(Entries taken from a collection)
Segment Open

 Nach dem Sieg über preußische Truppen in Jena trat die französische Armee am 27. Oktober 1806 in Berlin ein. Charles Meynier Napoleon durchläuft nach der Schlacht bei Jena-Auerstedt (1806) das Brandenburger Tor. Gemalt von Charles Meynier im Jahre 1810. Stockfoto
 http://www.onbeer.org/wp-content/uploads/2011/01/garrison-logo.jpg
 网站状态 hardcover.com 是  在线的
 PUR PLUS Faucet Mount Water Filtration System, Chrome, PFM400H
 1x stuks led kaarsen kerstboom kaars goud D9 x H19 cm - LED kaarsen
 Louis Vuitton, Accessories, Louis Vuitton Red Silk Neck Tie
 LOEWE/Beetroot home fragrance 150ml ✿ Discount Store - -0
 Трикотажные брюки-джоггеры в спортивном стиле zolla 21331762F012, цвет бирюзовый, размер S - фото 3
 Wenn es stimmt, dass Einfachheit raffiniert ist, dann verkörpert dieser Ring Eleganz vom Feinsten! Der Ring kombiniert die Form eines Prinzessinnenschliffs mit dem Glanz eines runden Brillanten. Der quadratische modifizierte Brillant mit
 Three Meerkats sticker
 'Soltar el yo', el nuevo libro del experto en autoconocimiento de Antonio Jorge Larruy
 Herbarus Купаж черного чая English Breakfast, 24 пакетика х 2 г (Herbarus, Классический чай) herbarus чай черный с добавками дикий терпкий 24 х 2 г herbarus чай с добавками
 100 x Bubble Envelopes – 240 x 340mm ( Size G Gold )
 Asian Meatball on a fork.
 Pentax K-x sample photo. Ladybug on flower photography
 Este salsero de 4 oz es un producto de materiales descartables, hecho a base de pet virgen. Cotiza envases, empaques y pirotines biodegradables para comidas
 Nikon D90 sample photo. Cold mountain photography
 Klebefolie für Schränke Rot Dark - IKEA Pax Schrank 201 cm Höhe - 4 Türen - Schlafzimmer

Segment Closed

# Required work
With every word kept as it is, set down the entries again.

# Reply
 Nach dem Sieg über preußische Truppen in Jena trat die französische Armee am 27. Oktober 1806 in Berlin ein. Charles Meynier Napoleon durchläuft nach der Schlacht bei Jena-Auerstedt (1806) das Brandenburger Tor. Gemalt von Charles Meynier im Jahre 1810. Stockfoto
 http://www.onbeer.org/wp-content/uploads/2011/01/garrison-logo.jpg
 网站状态 hardcover.com 是  在线的
 PUR PLUS Faucet Mount Water Filtration System, Chrome, PFM400H
 1x stuks led kaarsen kerstboom kaars goud D9 x H19 cm - LED kaarsen
 Louis Vuitton, Accessories, Louis Vuitton Red Silk Neck Tie
 LOEWE/Beetroot home fragrance 150ml ✿ Discount Store - -0
 Трикотажные брюки-джоггеры в спортивном стиле zolla 21331762F012, цвет бирюзовый, размер S - фото 3
 Wenn es stimmt, dass Einfachheit raffiniert ist, dann verkörpert dieser Ring Eleganz vom Feinsten! Der Ring kombiniert die Form eines Prinzessinnenschliffs mit dem Glanz eines runden Brillanten. Der quadratische modifizierte Brillant mit
 Three Meerkats sticker
 'Soltar el yo', el nuevo libro del experto en autoconocimiento de Antonio Jorge Larruy
 Herbarus Купаж черного чая English Breakfast, 24 пакетика х 2 г (Herbarus, Классический чай) herbarus чай черный с добавками дикий терпкий 24 х 2 г herbarus чай с добавками
 100 x Bubble Envelopes – 240 x 340mm ( Size G Gold )
 Asian Meatball on a fork.
 Pentax K-x sample photo. Ladybug on flower photography
 Este salsero de 4 oz es un producto de materiales descartables, hecho a base de pet virgen. Cotiza envases, empaques y pirotines biodegradables para comidas
 Nikon D90 sample photo. Cold mountain photography
 Klebefolie für Schränke Rot Dark - IKEA Pax Schrank 201 cm Höhe - 4 Türen - Schlafzimmer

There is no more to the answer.